Thanks for explaining to me about Anthony Robbin's start, he definitely sounds like an exception to the phenomenon that I was talking about. Now that you mention it I actually read "Unlimited Power" when I borrowed it from my local library. I really enjoyed it and you're definitely right it wasn't focused on money at all.


----------



## ob1kenobi (7 July 2005)

When it comes to these sorts of books, read widely. You'll be surprised what you find! I would add the following: 

Tom Peters 
"The Pursuit of WOW", 
"Liberation Management", 
"Thriving on Chaos". 

Stephen Covey 
"The Seven Habits of Highly Effective People", 
"Principle Centred Leadership", 
"First Things First".  

Thomas Sergiovanni 
"Moral Leadership". 

Peter Senge 
"The Fifth Discipline". 

Peters Waterman Jr. 
"In Search of Excellence". 

Charles Birch 
"On Purpose" (not really about business but challenges you to reconstruct how you do things!). 

Wess Roberts & Bill Ross 
"Make It So: Leadership Lessons From Star Trek The Next Generation". 

M. Mitchell Waldrop 
"Complexity: The Emerging Science At The Edge Of Order And Chaos". 

James Gleick "Chaos: Making A New Science". 

Management Education Papers: 
"Managing The Entropic Organisation", 
"Managing From The Edge, Working From The Centre: Organisations, Complexity And The Search For Meaning". 

Edward De Bono: 
"The Six Thinking Hats", 
"Lateral Thinking", 
"Six Action Shoes", 
"I Am Right, You Are Wrong!" (My Favourite).

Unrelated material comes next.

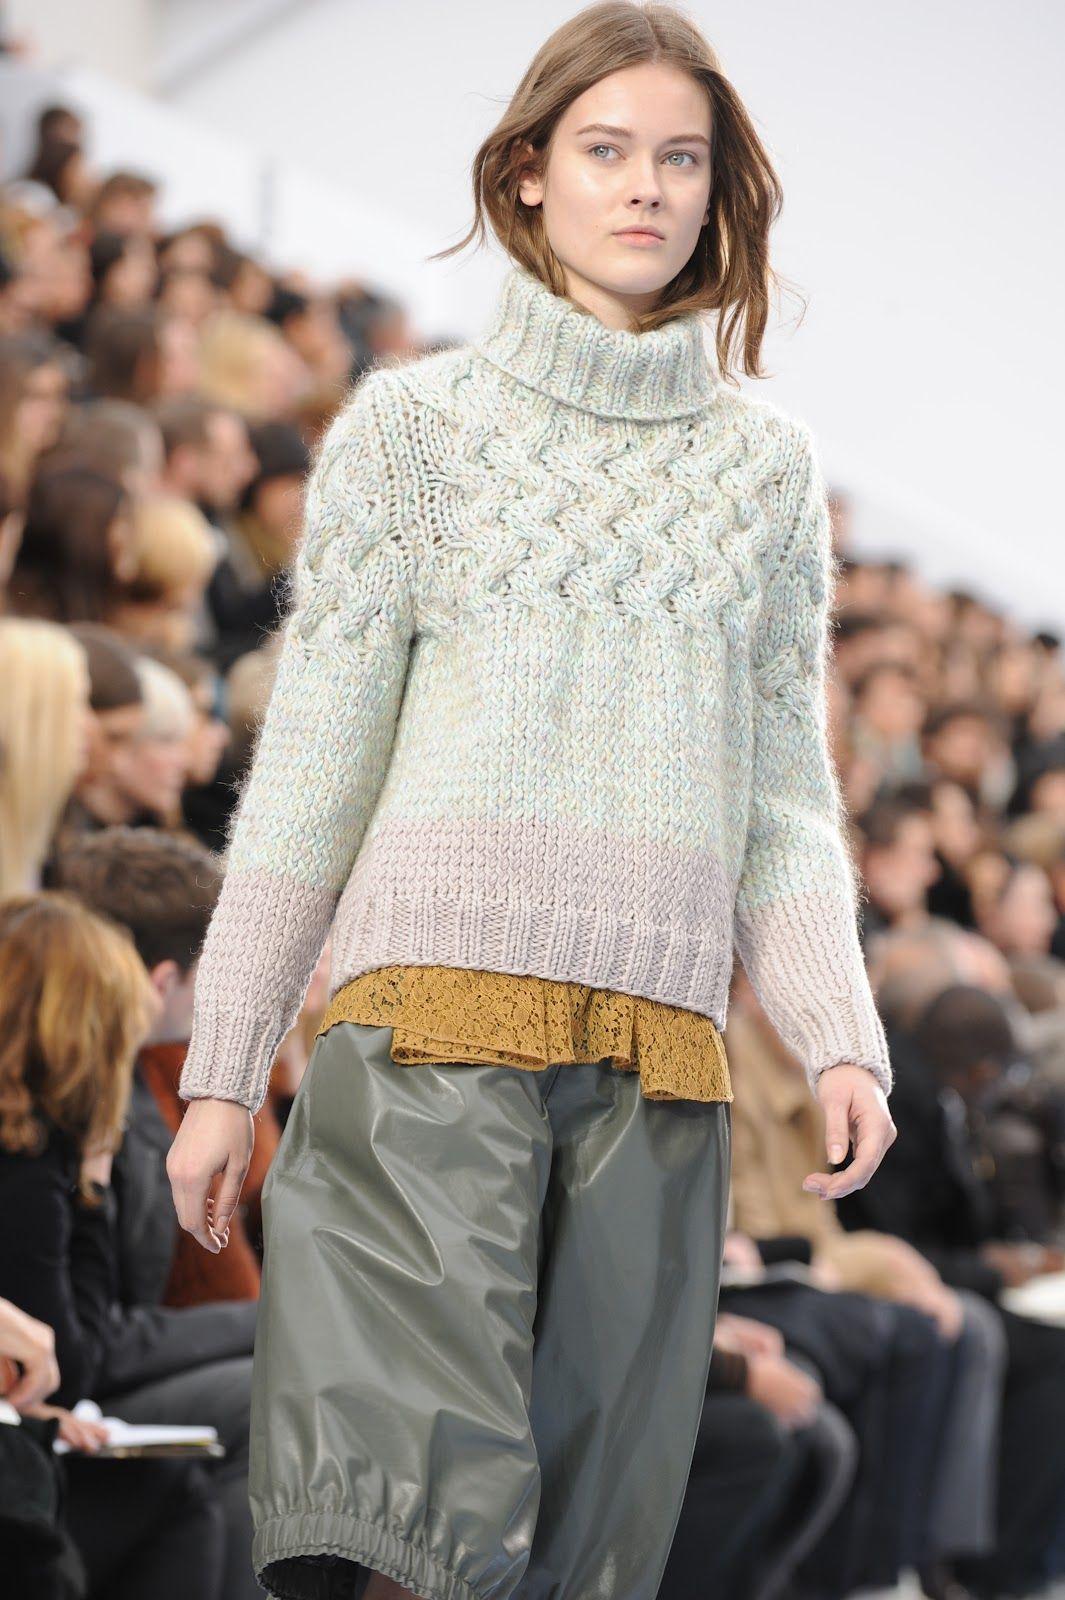 blusa casaco de trico feita a mao chic - Pesquisa Google  ab948956d08

James Kouzes & Barry Posner
"The Leadership Challenge".

Margaret Wheatley
"Leadership and the New Science: Learning About Organisations From an Orderly Universe".

Management Today (Published monthly by the Australian Institute of Management) (Had an excellent interview with Roger Corbet in August 2004).

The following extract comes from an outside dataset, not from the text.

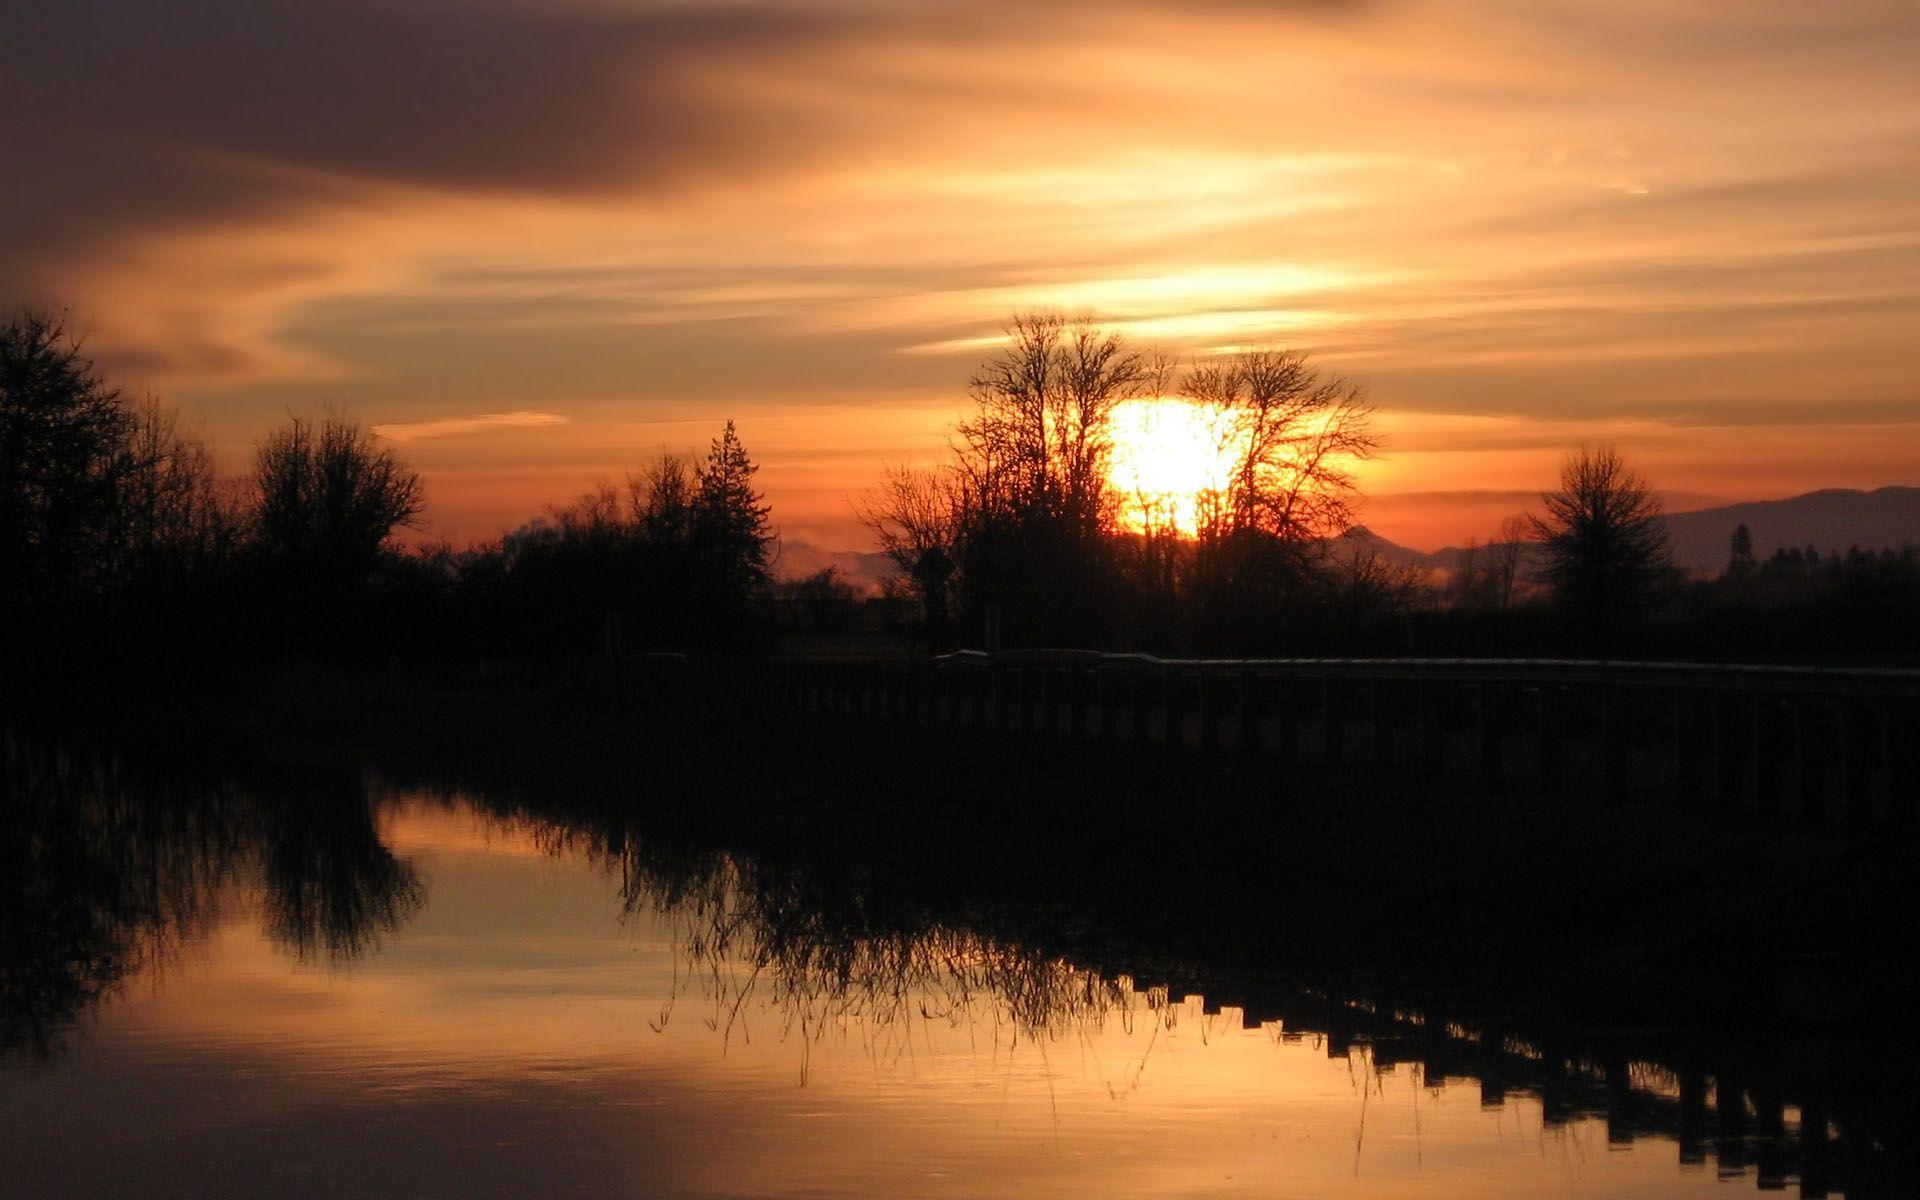 Epingle Par Ariel Thilly Sur Couchers De Soleil Sunset Coucher De Soleil Soleil

This is not an exhaustive list but some of the things I have found useful or return to as a reference from time to time.

My favourite quote is from Stephen Covey:
"Anything less than a conscious commitment to the important, is an unconscious commitment to the unimportant."


----------



## It's Snake Pliskin (7 July 2005)

Good thread!
I think everyone should have some of Robert Kiyosaki's books - Rich Dad Poor Dad series.


----------



## ob1kenobi (7 July 2005)

Snake Pliskin said:
			
		

> Good thread!
> I think everyone should have some of Robert Kiyosaki's books - Rich Dad Poor Dad series.




I agree! What a great way to find out about other interesting things to read!


----------



## Jesse Livermore (7 July 2005)

Tom Butler-Bowdon is the author of "50 Self-Help Classics, 50 Success Classics, and 50 Spiritual Classics" - His books are a summarization of the best books in the area of motivation, success, and leadership. There are some life changing books summarized, I suggest that you read at least one them so you can take your life to the next level!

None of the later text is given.